─── SOURCE DATA ───

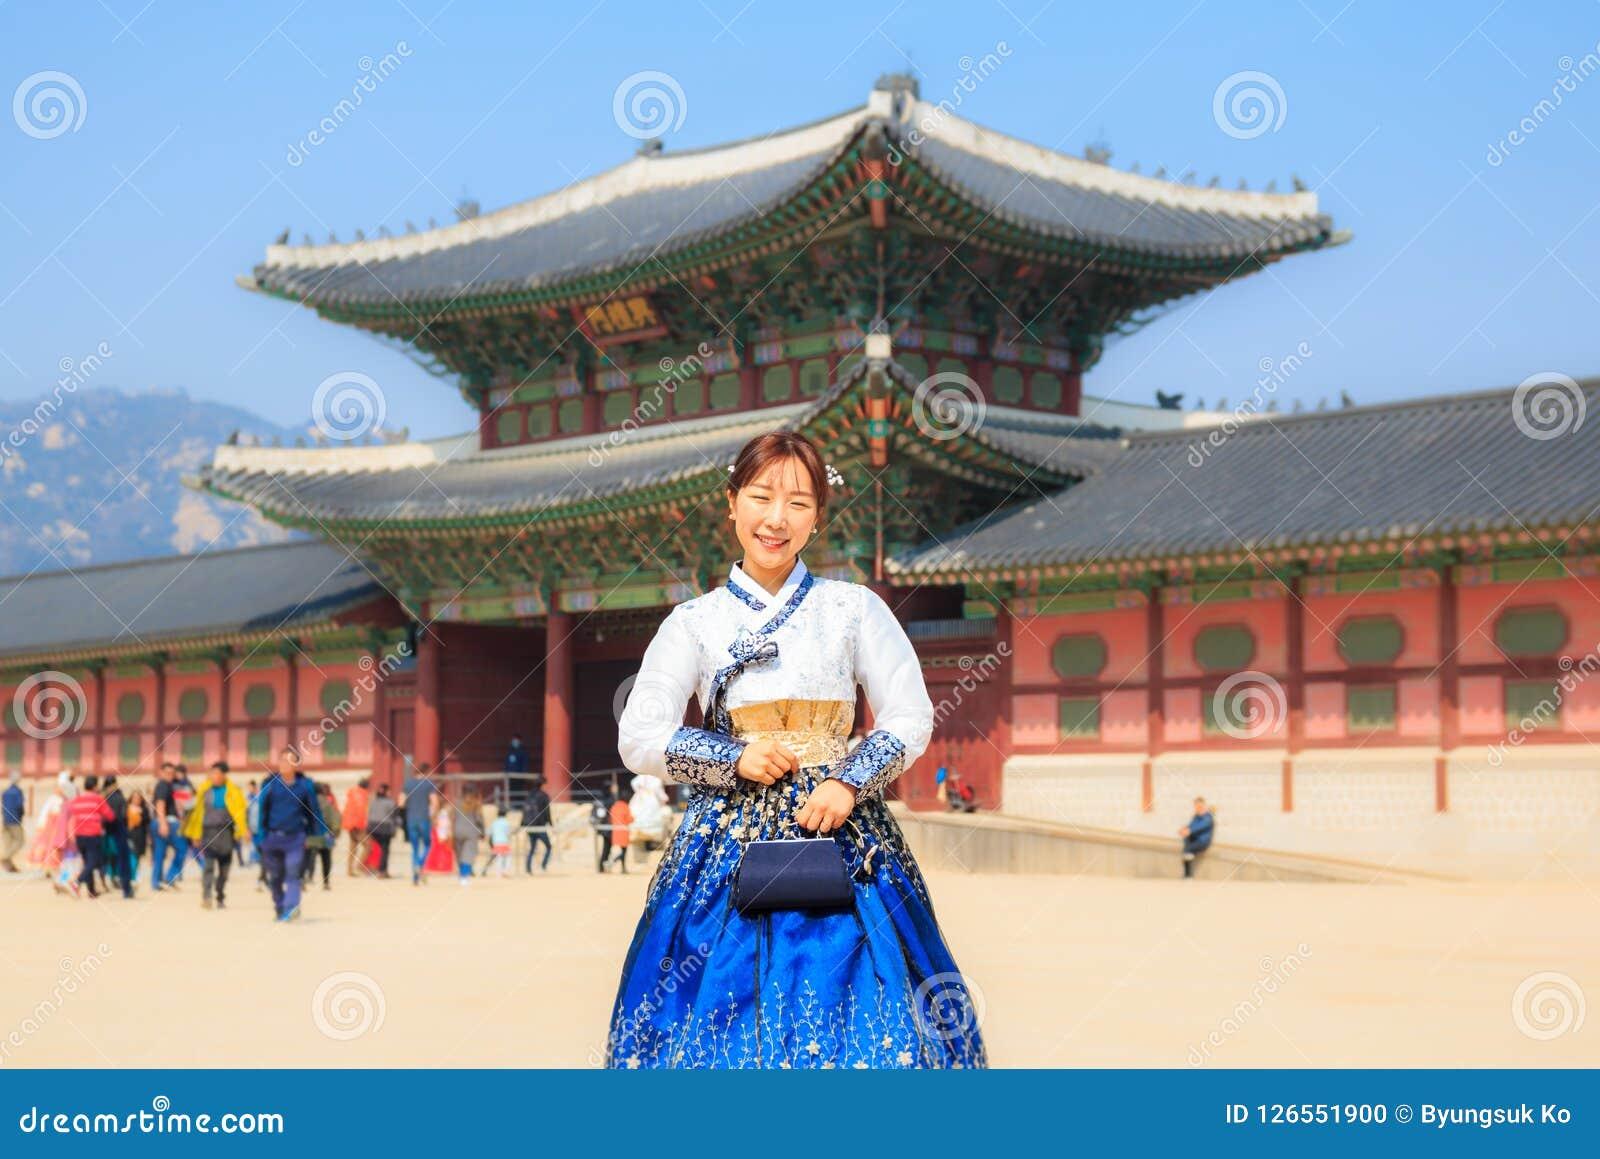 Όμορφο κορεατικό ντυμένο γυναίκα Hanbok στο παλάτι Gyeongbokgung στη Σεούλ
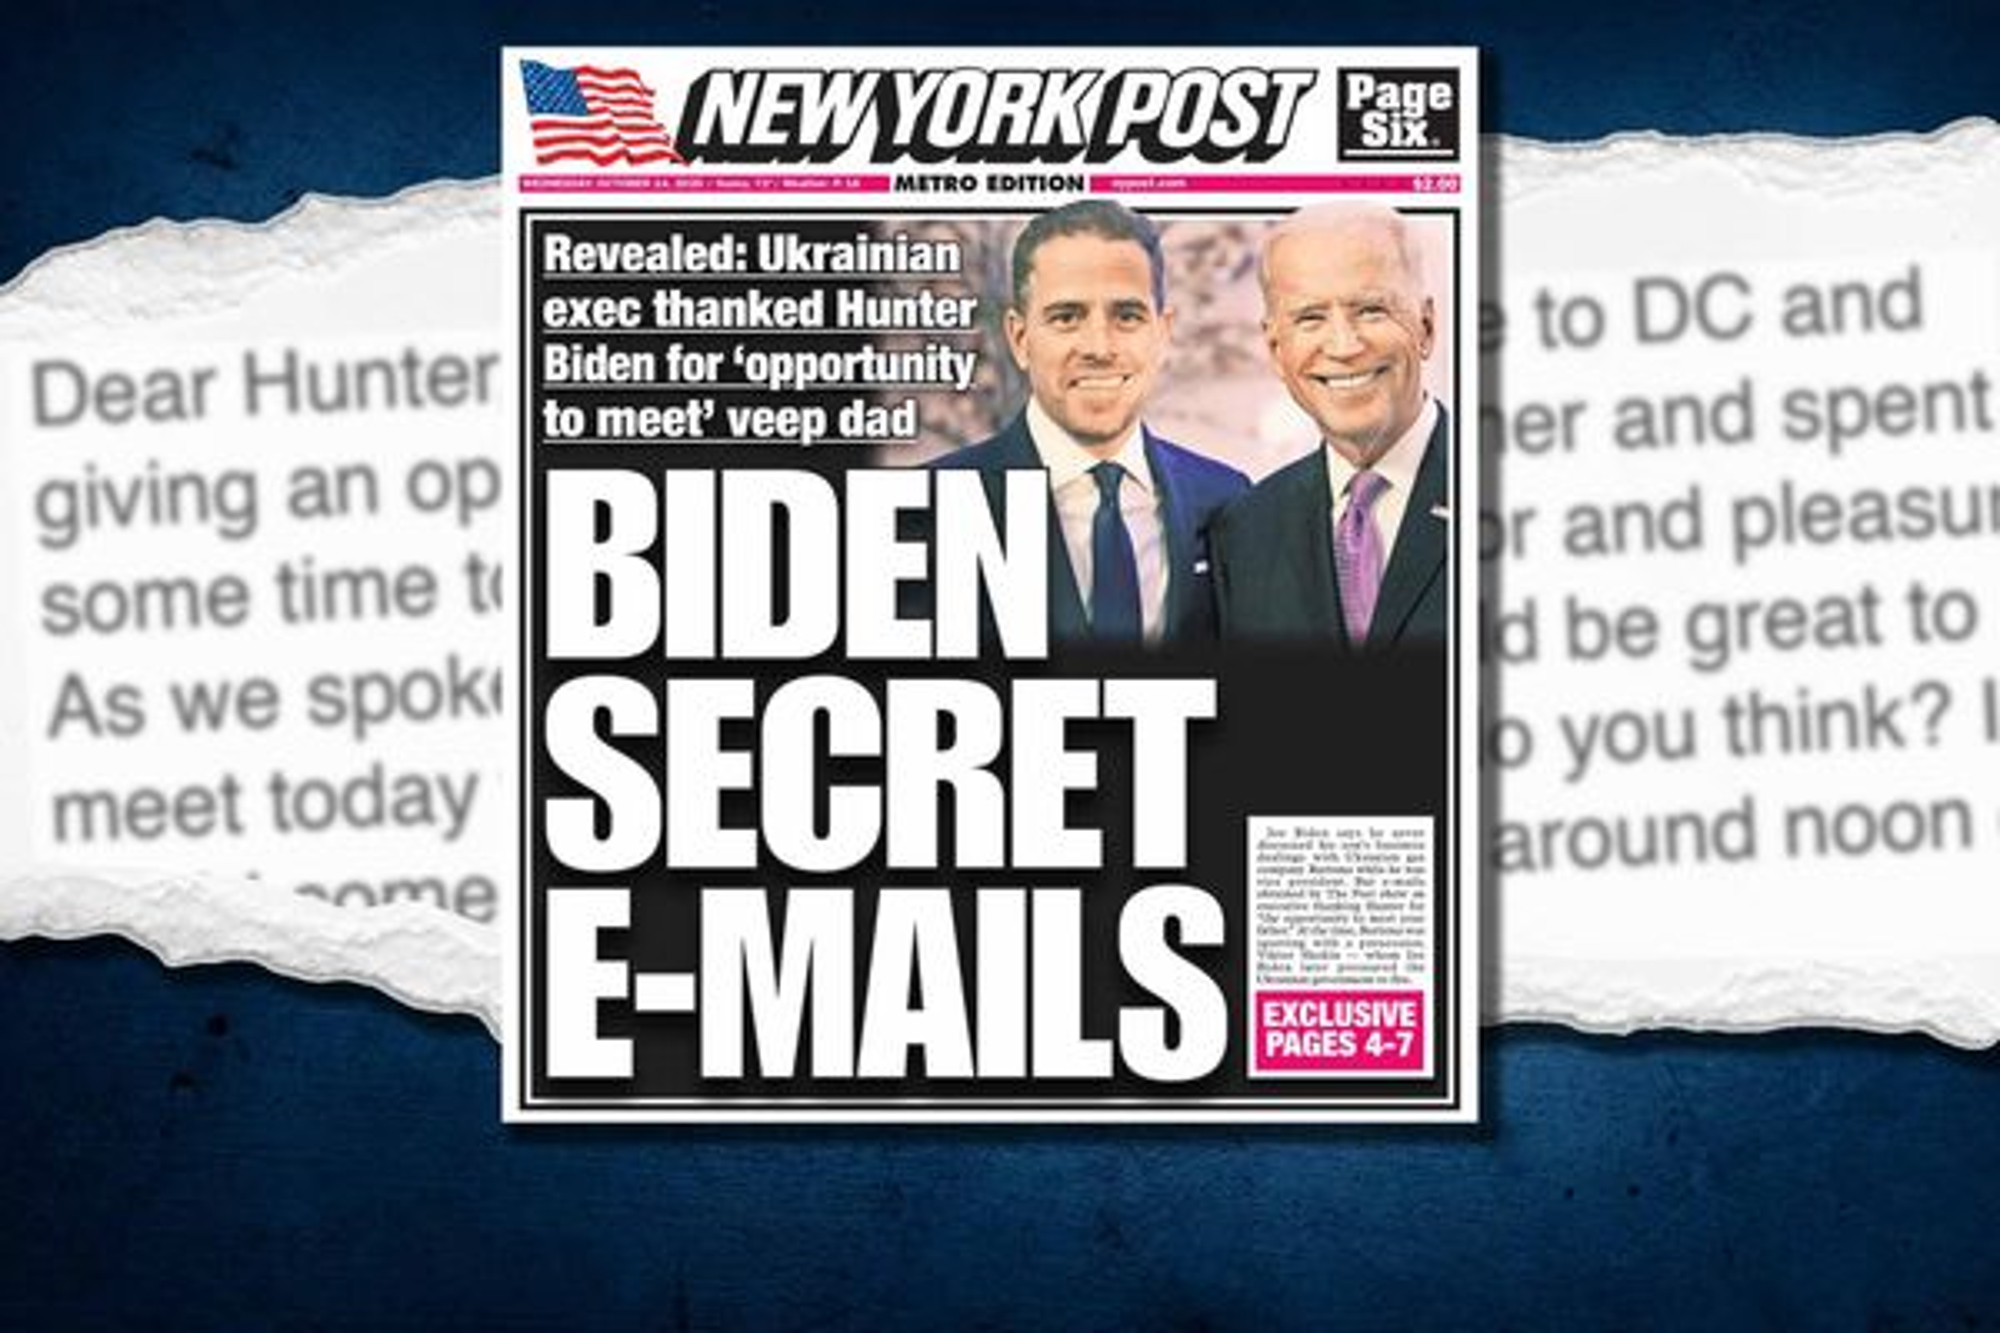 Email chấn động tiết lộ Hunter Biden từng giới thiệu doanh nhân Ukraine với Binden cha
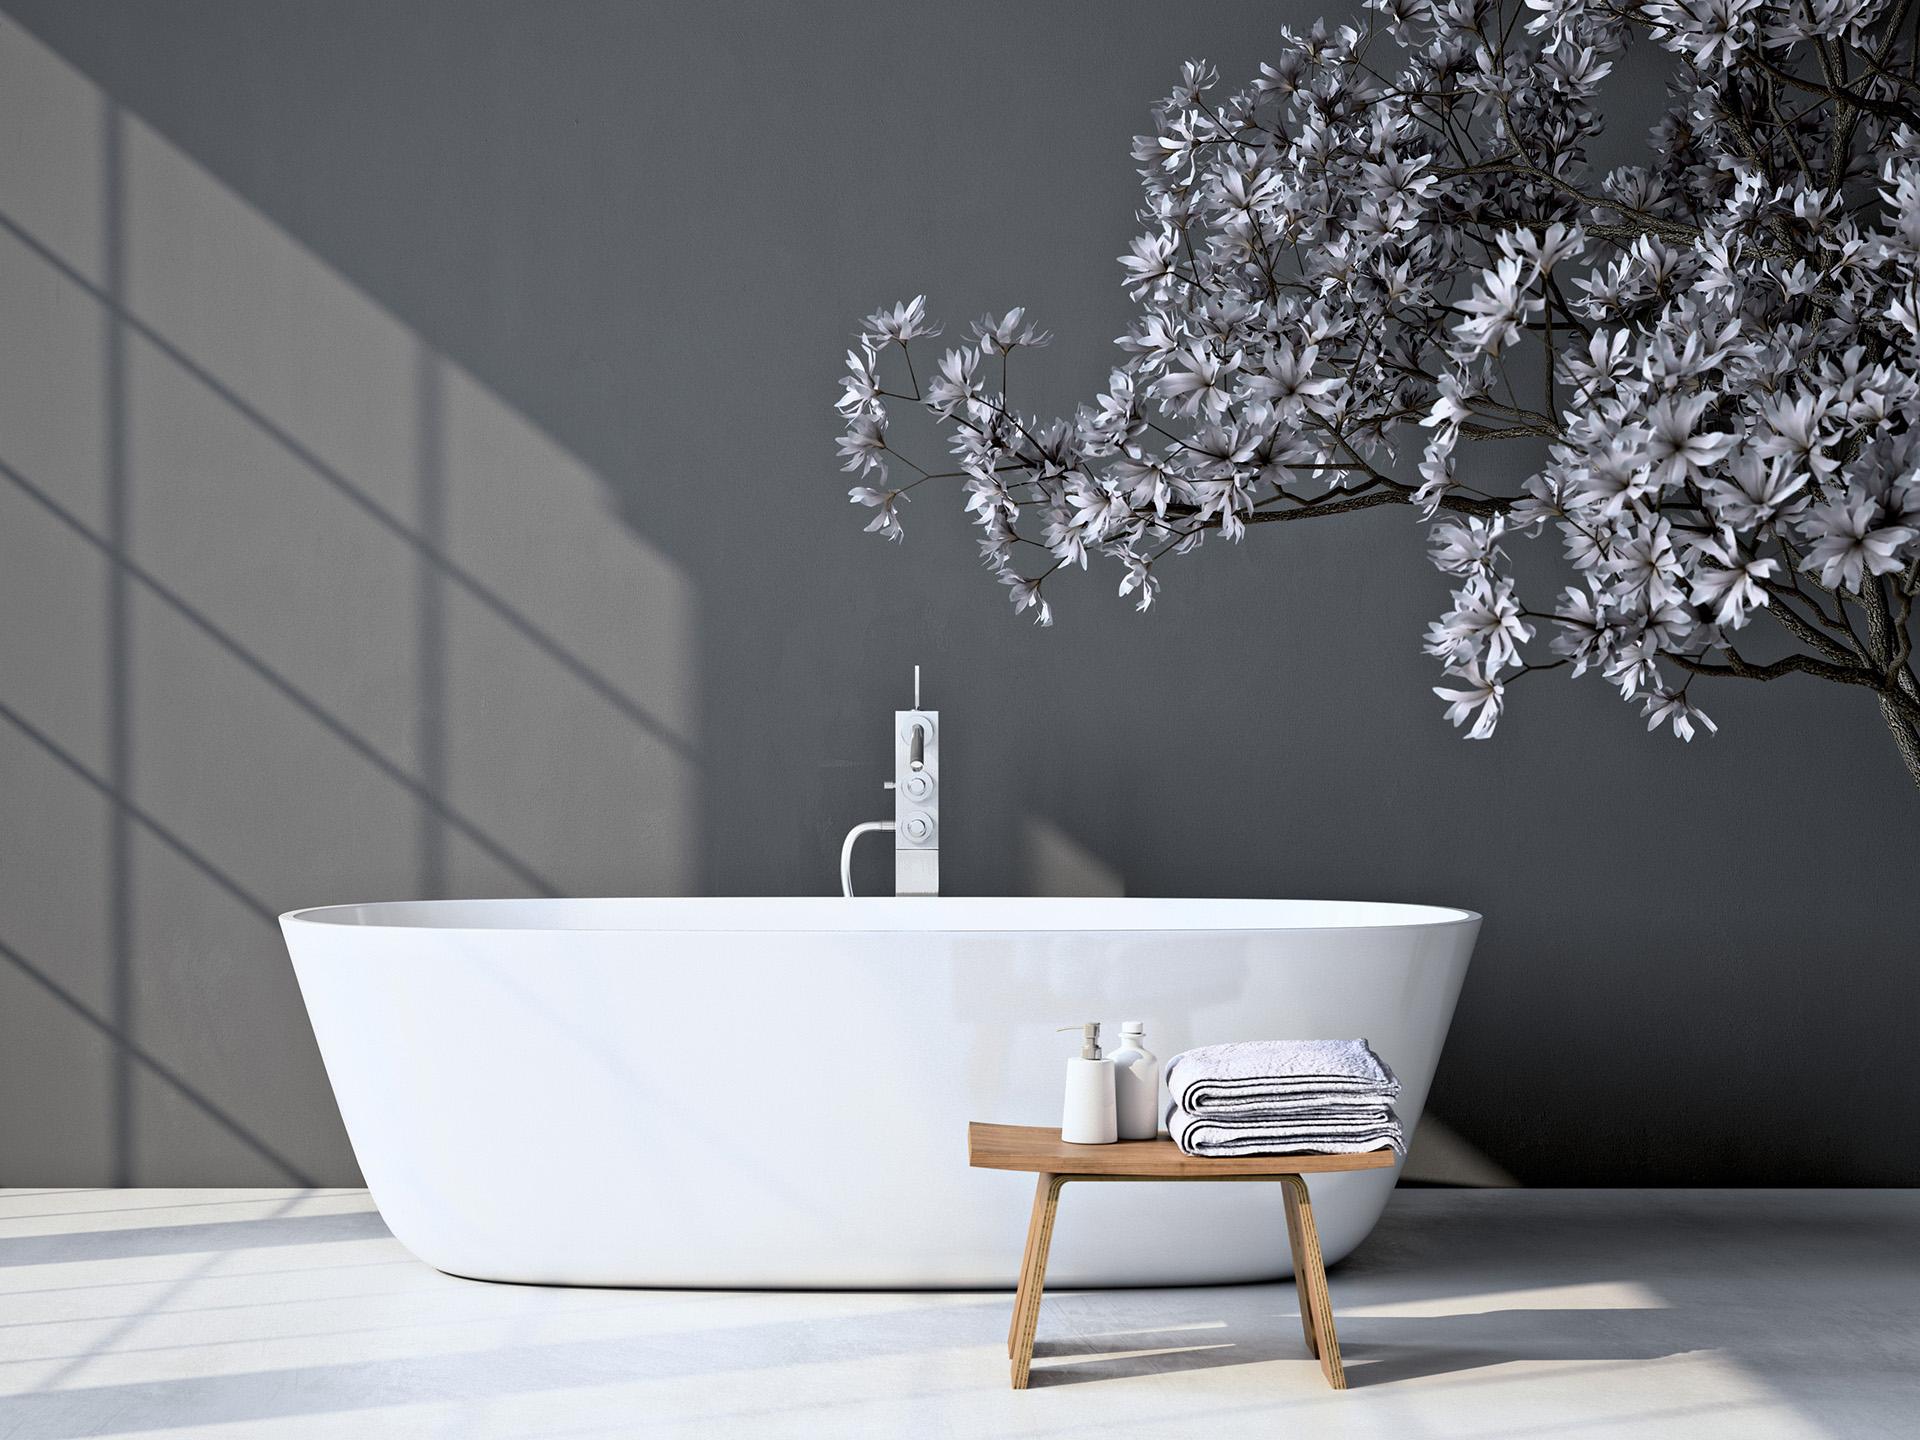 Festpreisbad Badideen Elegante freihstehende Badewanne 21

───

TASK TO CARRY OUT:
Please output the material above again, exactly, and omit every image.

OUTPUT OF THE EXERCISE:
 Όμορφο κορεατικό ντυμένο γυναίκα Hanbok στο παλάτι Gyeongbokgung στη Σεούλ
 Email chấn động tiết lộ Hunter Biden từng giới thiệu doanh nhân Ukraine với Binden cha
 Festpreisbad Badideen Elegante freihstehende Badewanne 21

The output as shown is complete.